1. Field of the Invention
The present invention relates generally to a system and method for improving the efficiency of programmed input/output (PI/O) and polling of input/output (I/O) interfaces in a system with large direct-mapped data caches. More particularly, it relates to such a system and method which does not require the use of explicit cache management instructions. Most especially, the invention relates to such a system and method which combines use of direct-mapped caches, a large number of cache lines, high cache miss penalties relative to instruction times, and a lack of direct memory access I/O.
2. Description of the Prior Art
There are several ways to execute I/O operations in a computer system. One which is often attractive is called "memory-mapped" I/O, where I/O device registers appear in the same physical address space as main memory, and may thus be accessed via normal load/store instructions. Memory mapped I/O devices typically decode physical memory addresses and respond to addresses in specific ranges.
In processors with data caches, one problem with this approach is that the goal of the cache, which is to suppress references to main memory, conflicts with the goal of instructions used to access the I/O device registers, which is to cause an I/O access for every load or store instruction. Another way of stating this problem is that software which is polling an I/O device register must guarantee that the polled address is not valid in the data cache, or the software will not see the actual register value.
Typical ways of dealing with this problem are:
Non-cached regions of physical address space for I/O device registers; the cache is disabled. PA1 Explicit cache management operations where the I/O software can ask that a particular cache line be invalidated, possibly causing a write-back. PA1 Indirect cache management instructions useful with direct-mapped caches, where the software generates a reference to a region of the physical address space known to collide with the cache line being "managed," thus causing the line to be invalidated. This other region can be called a "reserved" region, although it might be used independently for normal memory.
A current trend in processor design is changing several system parameters. Cache lines are getting larger. Next generation systems may have a 256 byte second-level cache line. This implies the use of write-back rather than write-through caches. Memory latencies are getting longer in relation to instruction rate. The cache refill time on the next generation systems might take as long as 200 instruction cycles.
These changes affect the performance of traditional means of dealing with the memory mapped I/O problem. Using uncached addresses is simple, but because it generates a cache miss for every I/O instruction, bandwidth for programmed I/O (PI/O) data transfer is reduced to a tiny fraction of the memory system bandwidth. In the next generation systems, this fraction might be 1/32 of the basic bandwidth.

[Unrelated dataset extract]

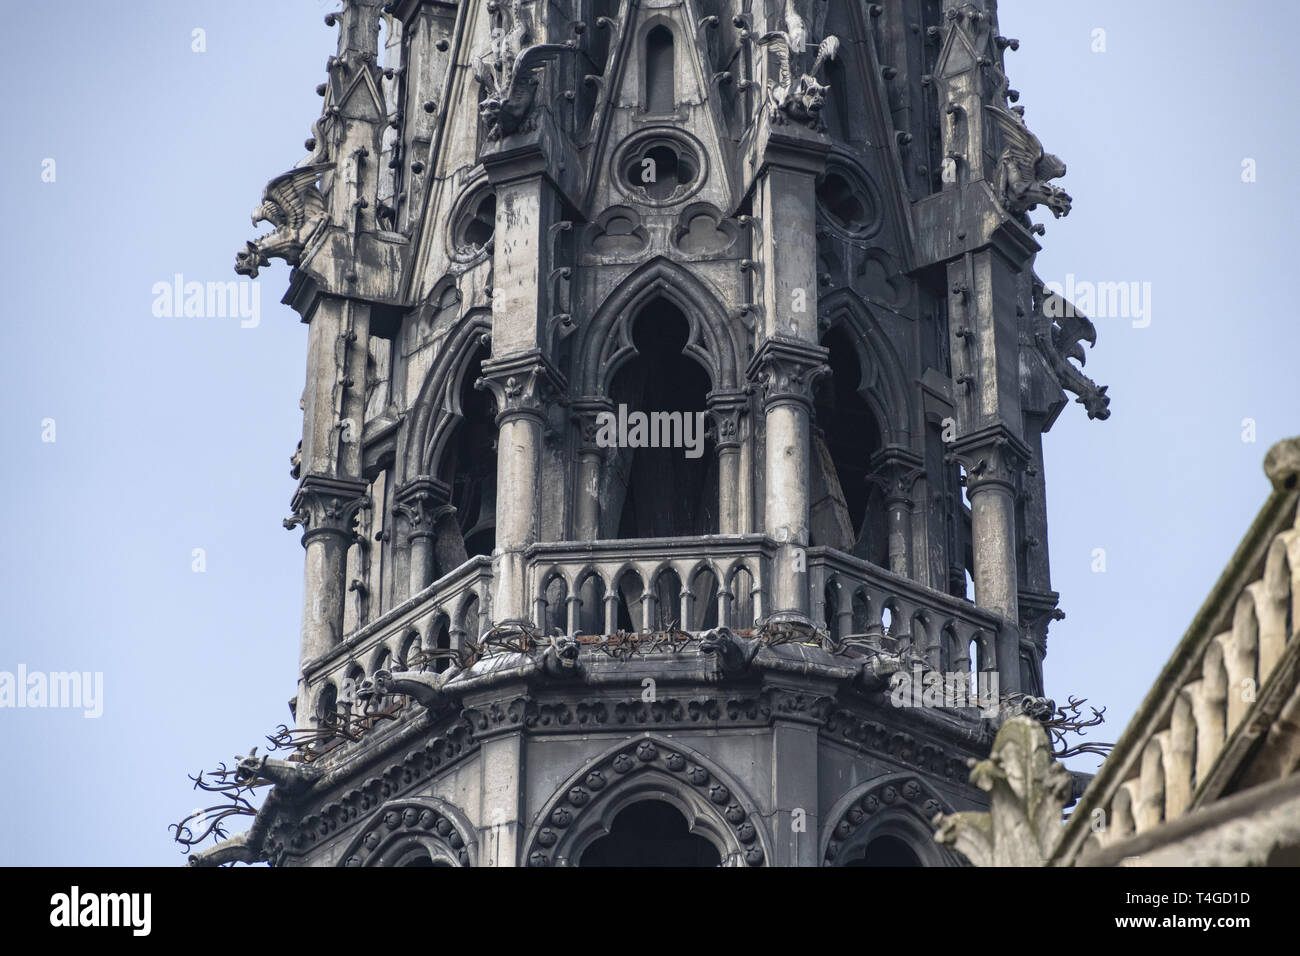 FRANCE Paris, Détail de la célèbre clocher de Notre Dame de Paris, une cathédrale gothique à Paris qui a été brûlée en 2019 Banque D'Images

Explicit cache management instructions can provide accurate control over the disposition of cache lines, but create some additional complexity in the central processing unit (CPU) and cache implementations, and are not present in all architectures. Implicit cache management suffers from high latencies because, in general, it requires a reference to the reserved region for each reference to an I/O register. It thus requires two cache misses and refills per I/O reference. One can do better for PI/O data transfer by making the I/O device's data buffer register as wide as a cache line. Then, almost half of the memory system bandwidth is available for data transfer. The other half is still used for refilling from the reserved region. It is clear from this discussion that improvement is required in the traditional means of dealing with memory mapped I/O for use in next generation computer systems.